Capital gains and dividends - Capital gains and dividend rates have been increased to 20% for individuals with incomes high enough to put them in the top tax bracket of 39.6%. The existing 15% rate remains in effect for taxpayers in the middle brackets, including 25%, 28%, 33% and 35%. Taxpayers in the 0% to 15% brackets retain the 0% rate.
Estate and gift tax - Congress effectively made the system that has been in effect for the past two years permanent. The estate and gift tax exclusion amount remains at $5 million, which is indexed for inflation (thus making the amount $5.12 million in 2012). The only real change made was to increase the top tax rate from 35% to 40%, effective January 1, 2013. If no action had been taken, the exclusion amount would have dropped to $1 million, and the tax rate for most estates would have increased to 55%.

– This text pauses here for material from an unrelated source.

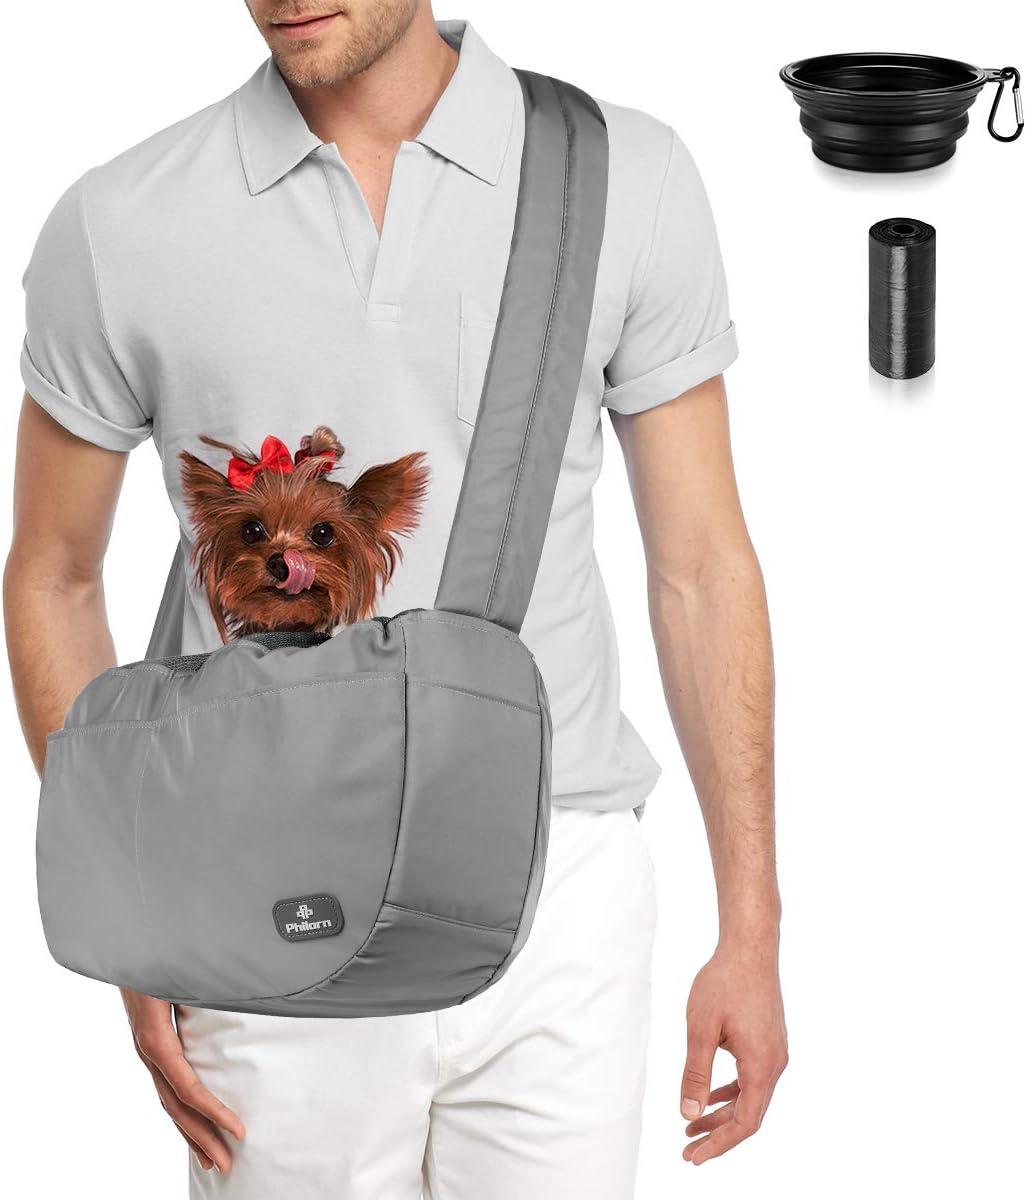 PHILORN Bolsa Bandolera de Transporte para Mascota Manos Libres, Transportín Bolsa Portador de Viaje para Mascota, Bolso de Hombro Acolchada Ajustable para Perro Gato de Hasta 30lbs - Muchos Bolsillos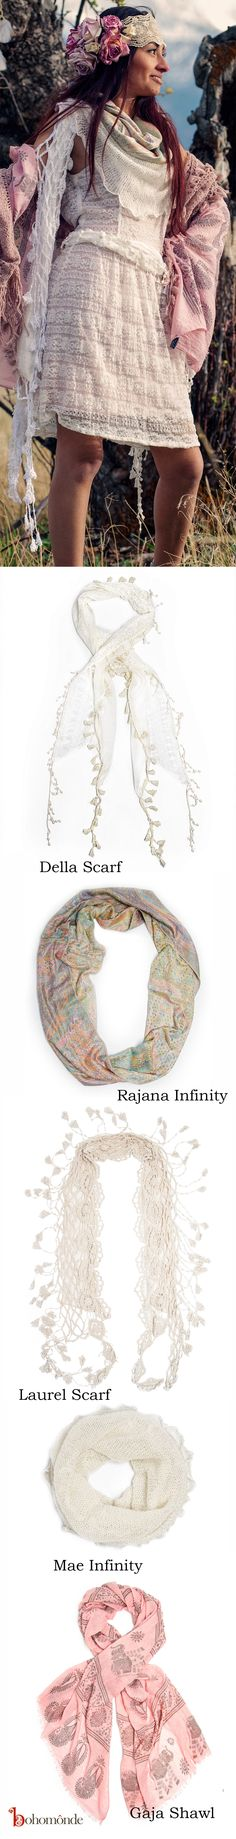 Boho fashion set, with some beautiful fashion scarf boho accessories:  Della Scarf - http://amzn.to/1InpnC1  Rajana Infinity - http://amzn.to/1Bs4fIS  Laurel Scarf - http://amzn.to/1s3f6Gi  Mae Infinity - http://amzn.to/1yZ2y2k  Gaja Shawl - http://amzn.to/12CyfCE

A number of other existing extensions were made permanent by Congress.
- Marriage penalty – The marriage penalty relief was permanently extended for the standard deduction, the 15% bracket and the Earned Income Tax Credit. However, married couples filing jointly with combined incomes of $450,000 or more are subject to the 39.6% tax rate instead of simply double the single threshold, which would be $800,000.
- The child and dependent care credit is permanently extended.
- The adoption credit is permanently extended but is no longer available to those who have no tax liability. Families with incomes under $150K are eligible for the full credit.
- The exclusion for employer-provided educational assistance is extended, allowing employees to exclude up to $5,250 yearly in employer-paid tuition assistance.
- A five-year limit for claiming student loan interest deductions of up to $2,500 per year for interest paid on a student loan was eliminated.
- Coverdell education savings accounts were made permanent so parents can use them to assist with expenses for children from kindergarten through high school.
- The tax credit for qualified tuition and other expenses related to higher education was extended through 2017.
There are many additional items that were affected by the legislation recently passed by Congress and signed by President Obama. We’ll try to discuss other areas of interest or go into more depth on areas we’ve only touched on here in the next several weeks.
We have also just learned that the first day the IRS will accept the filing of 2012 tax returns is January 30, 2013. However, not all forms will be available at that time. Depending upon what is required in your return, your filing may be delayed further until the appropriate form(s) become available.